— Да, зеосил, — подтвердил Ковальский, не скрывая своего удивления, откуда милиция так хорошо разбирается в тонкостях строительного дела.
— Позже ваши добрые отношения испортились. И вы явно враждебно были настроены по отношению к нему. Эго правда?
— Правда, — неохотно подтвердил Ковальский.
— Расскажите поподробнее, какова причина этого.

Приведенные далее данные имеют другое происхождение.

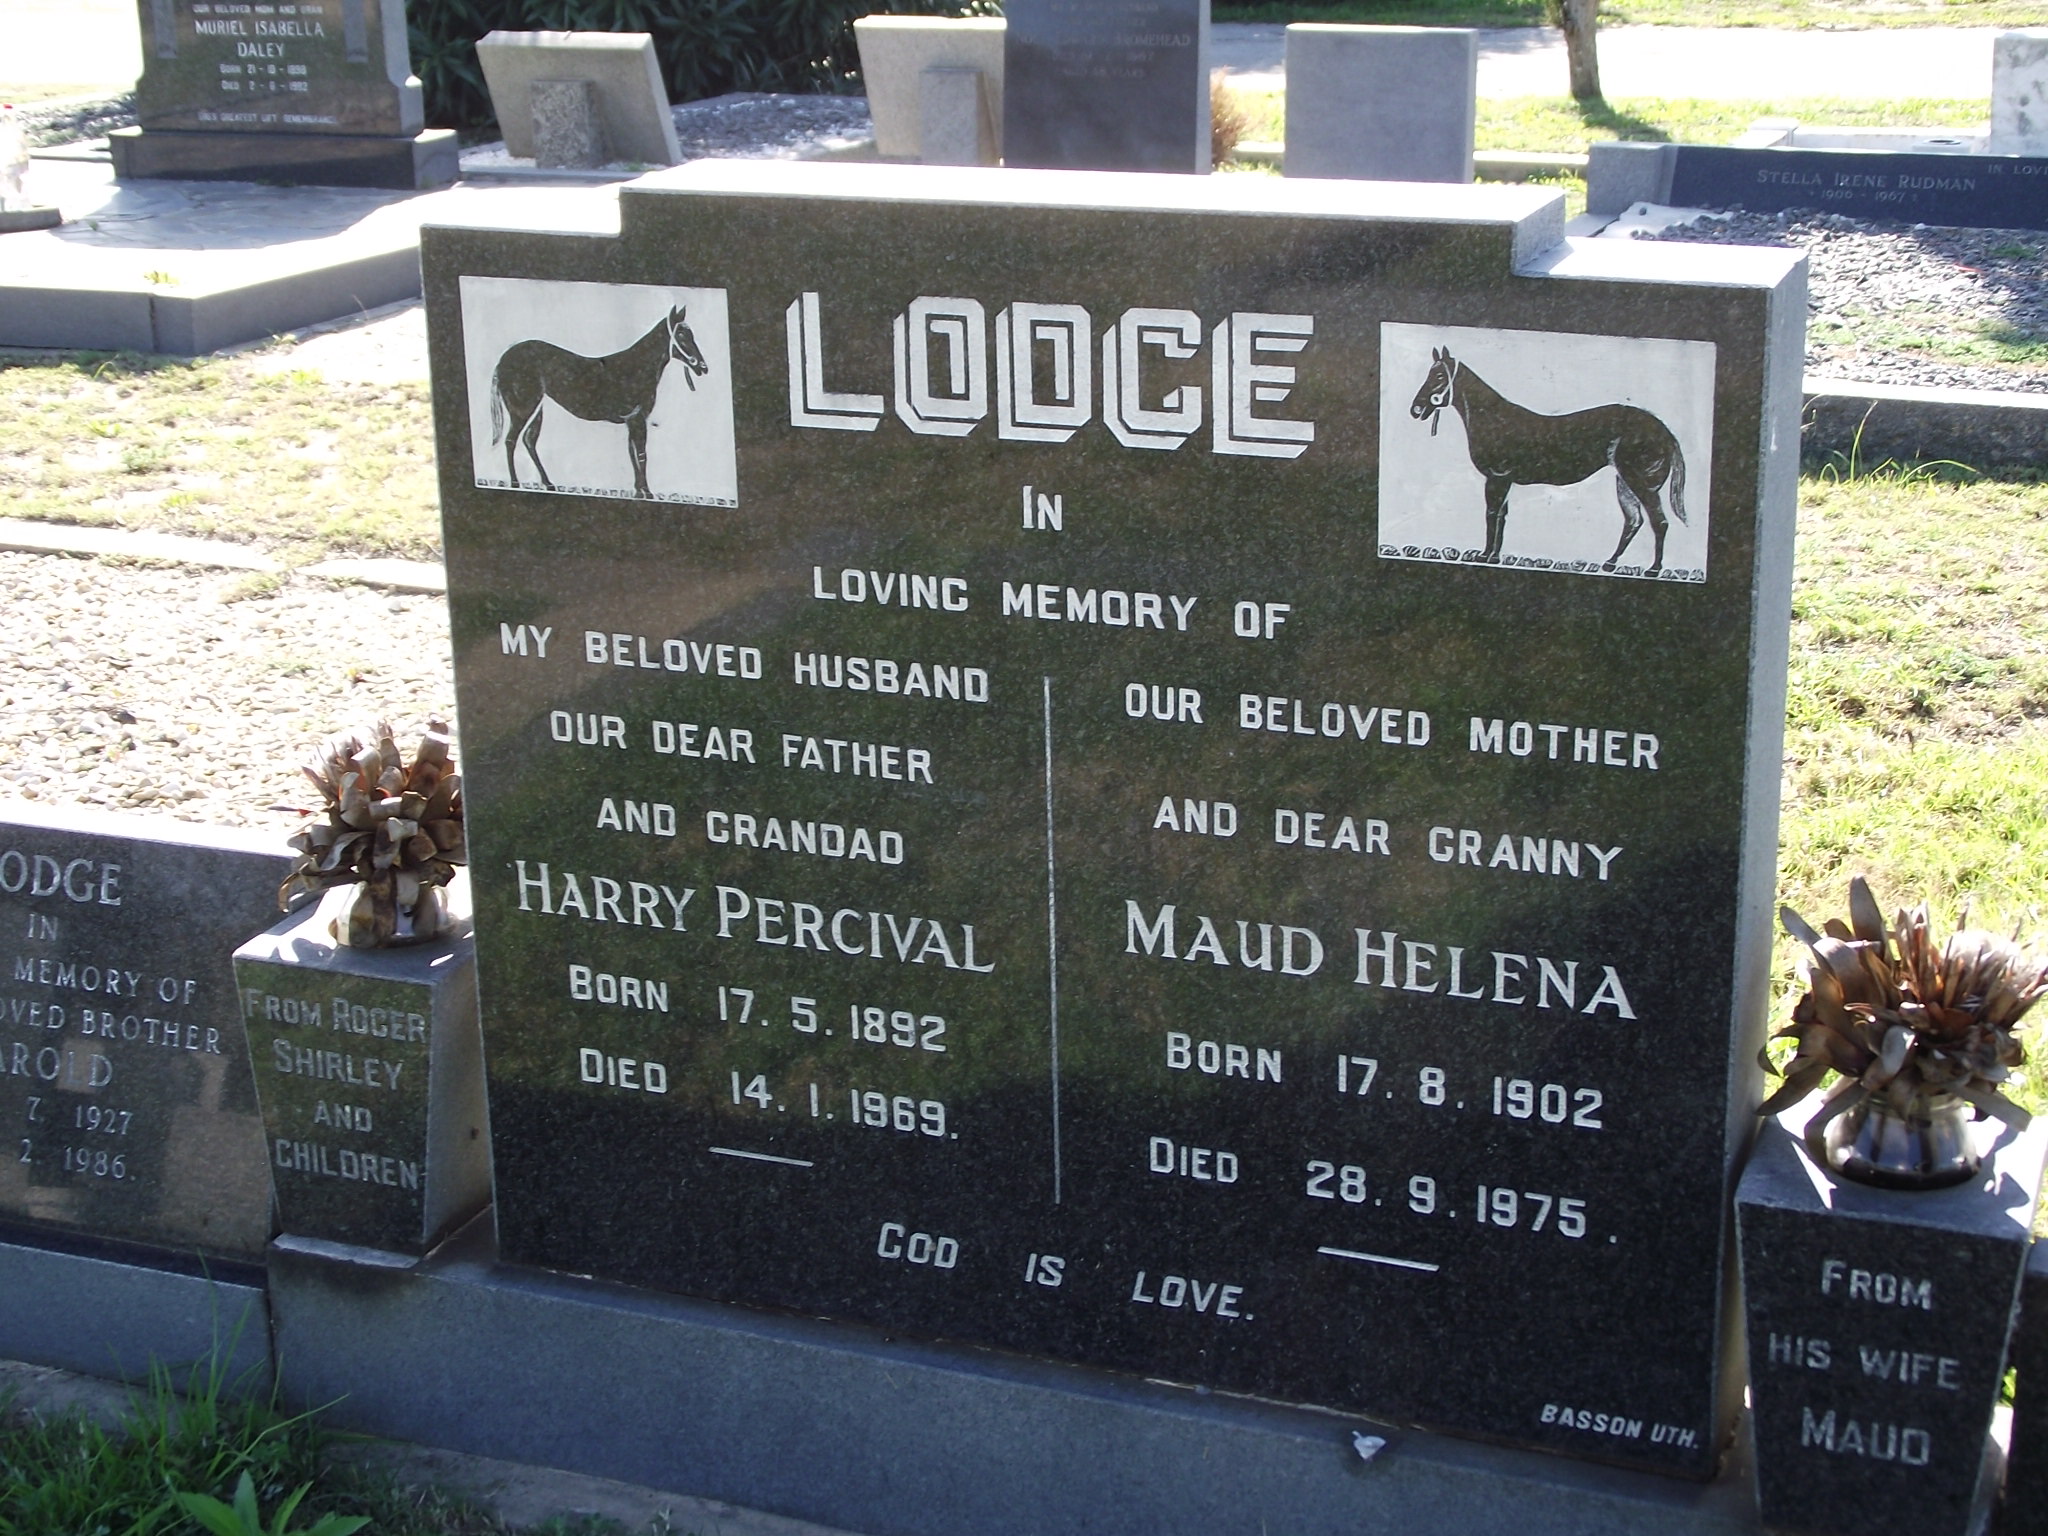 LODGE Harry Percival 1892-1969 & Maud Helena 1902-1975

— Стояновский поступил бесчестно по отношению ко мне.
— В чем это выразилось?
— Я его пригласил работать у нас, при каждой возможности продвигал. Когда же стал вице-председателем, постарался, чтобы Зигмунта назначили главным технологом. Он же оказался неблагодарным человеком, стал копать под меня. Хотел занять мое место. Начал интриговать. Настраивал против меня не только служащих, но и рабочих. Все это было очень унизительно, и в один прекрасный день я плюнул на все и ушел. Устроился в проектное бюро на Тамке. Получаю теперь больше, и коллектив хороший. С тех пор я не поддерживал никаких отношений с паном Стояновским.
— А с пани Стояновской?
Ковальский залился краской, что было очень заметно, несмотря на сильный загар.
— Ирену Стояновскую я не видел после ее замужества.
— Так ли?
Ковальский покраснел еще больше.
— Да, припоминаю, как-то раз я случайно встретил ее на Краковском Предместье, предложил зайти в кафе, выпить по чашечке кофе. Кафе, кажется, называлось «Телимена». На углу Краковского Предместья и Козьей улицы.
— Весьма приятно, пан Ковальский, что вы начинаете кое-что припоминать, — не без ехидства заметил Чесельский. — Прошу вас говорить только правду, ничего не утаивая. Надеюсь, вы понимаете, что мы довольно много знаем. Напоминаю вам, дело идет об убийстве человека.
— Я его не убивал.
— Вам такое обвинение не предъявляется. Я прошу вас говорить только правду.
Ковальский молчал довольно долго, наконец заговорил:
— Вы знаете, что нас с Иреной связывали определенные отношения? Я был к ней очень привязан.
— Вы собирались жениться на ней?
Ковальский был сильно смущен этим вопросом.
— О… нет. Я женат, у меня двое детей.
— Понимаю, — усмехнулся поручик. — А как же Стояновский?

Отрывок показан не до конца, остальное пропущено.